Reputation: 31
I'm trying to do some webscraping, and it involves sending a form with a Multiple Select Box List that looks similar to this:
<select name="multipleSelectForm" multiple="multiple" size="5">
<option value="value1">value1</option>
<option value="value2">value2</option>
</select>
Now, I want to send both value1 and value2 using pycurl, for example:
import urllib
import pycurl
c = pycurl.Curl()
data = {'multipleSelectForm':'value1',
'multipleSelectForm':'value2'}
c.setopt(c.URL, 'http://www.example.com')
c.setopt(c.POST, 1)
post = urllib.urlencode(data)
c.setopt(c.POSTFIELDS, post)
c.perform()
now the obvious problem with this is that it's sending multipleSelectForm multiple times. I'm quite sure that the requested page is probably looking for a multipleSelectForm array, and not just individual variables (this is just a guess, I'm not actually sure) and hence that POST data it receives isn't correct.

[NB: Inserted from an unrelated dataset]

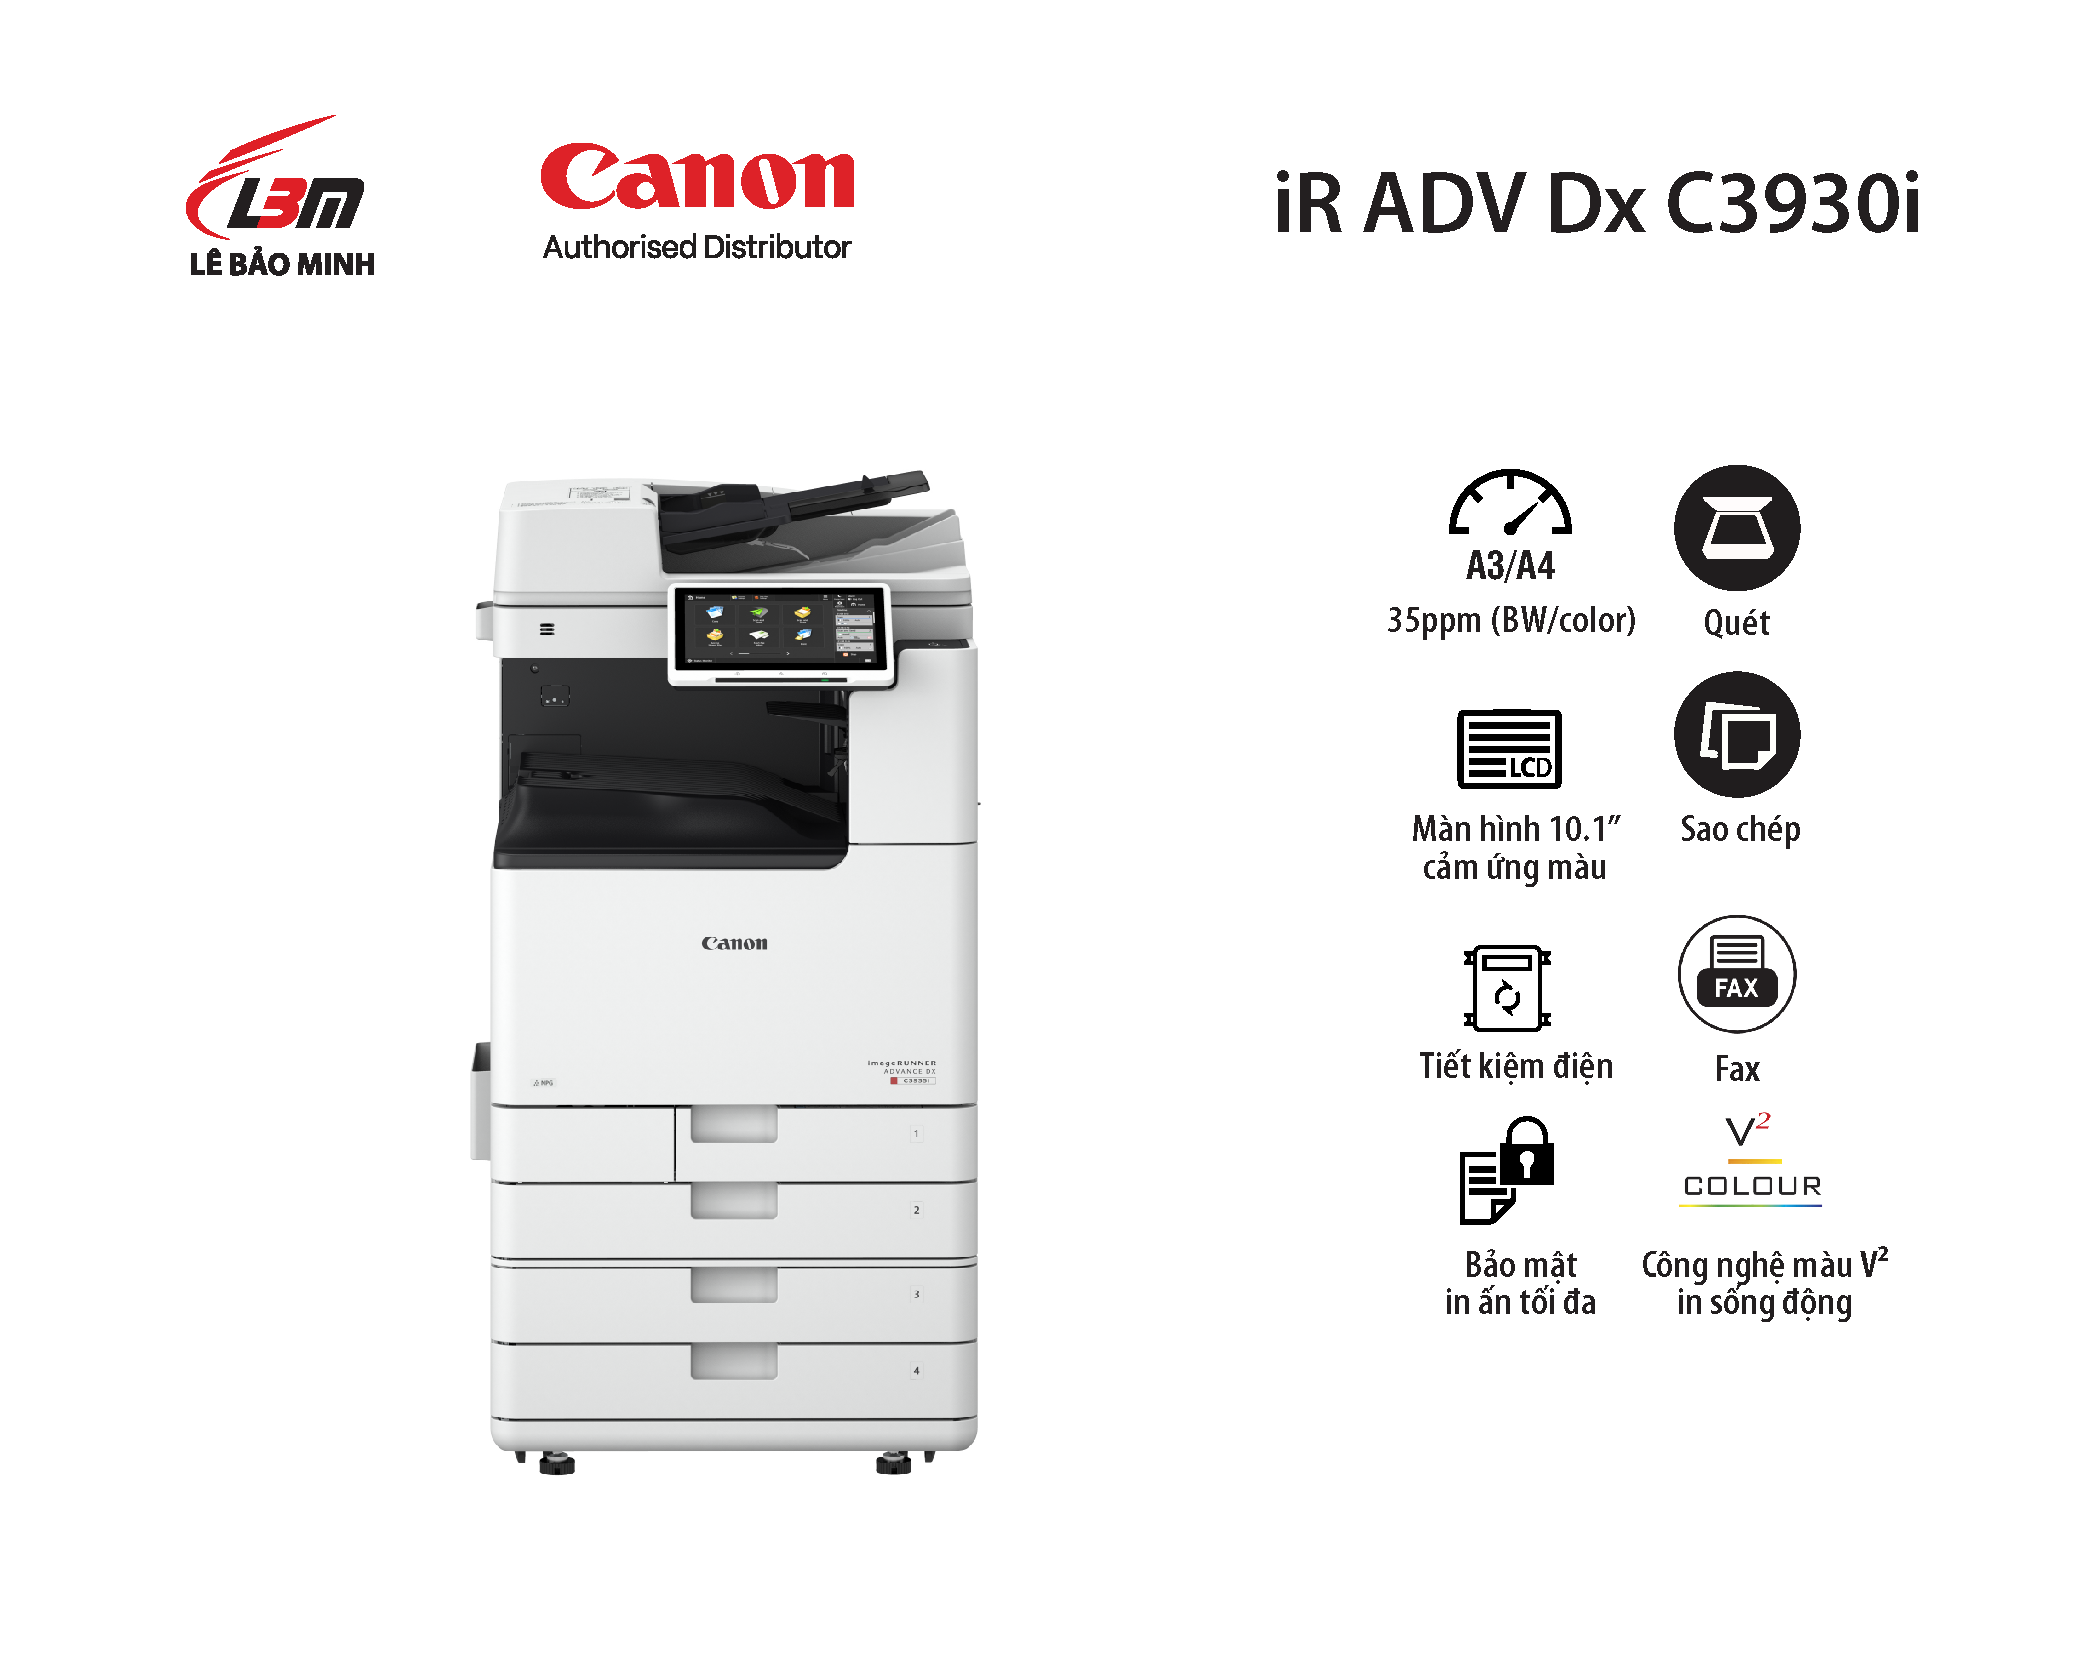 Photocopy iR-ADV DX C3930i

I tried using Google Chrome's dev tools to see the traffic of what it's doing and when I looked at the Form Data, it looked like this:
multipleSelectForm:value1
multipleSelectForm:value2
I'm a bit lost on how to approach all of this, if anybody would care to help
Upvotes: 3
Views: 4610
Reputation: 179
From that it looks like the data you're sending is going to just be
{ 'multipleSelectForm':'value2' }
Because it's a dictionary. If you set it up as tuple pairs it will do what you want.
data = (('multipleSelectForm', 'value1'), ('multipleSelectForm', 'value2'))
You can test this your self by setting up a tiny debug http server:
from BaseHTTPServer import BaseHTTPRequestHandler, HTTPServer
class hand(BaseHTTPRequestHandler):
def __init__(self, socket, *args):
print socket.recv(10000)
server = HTTPServer(('', 8080), hand)
server.serve_forever()
and then hitting it with your script. I used this to confirm that passing the tuple list does what I expect.
Upvotes: 1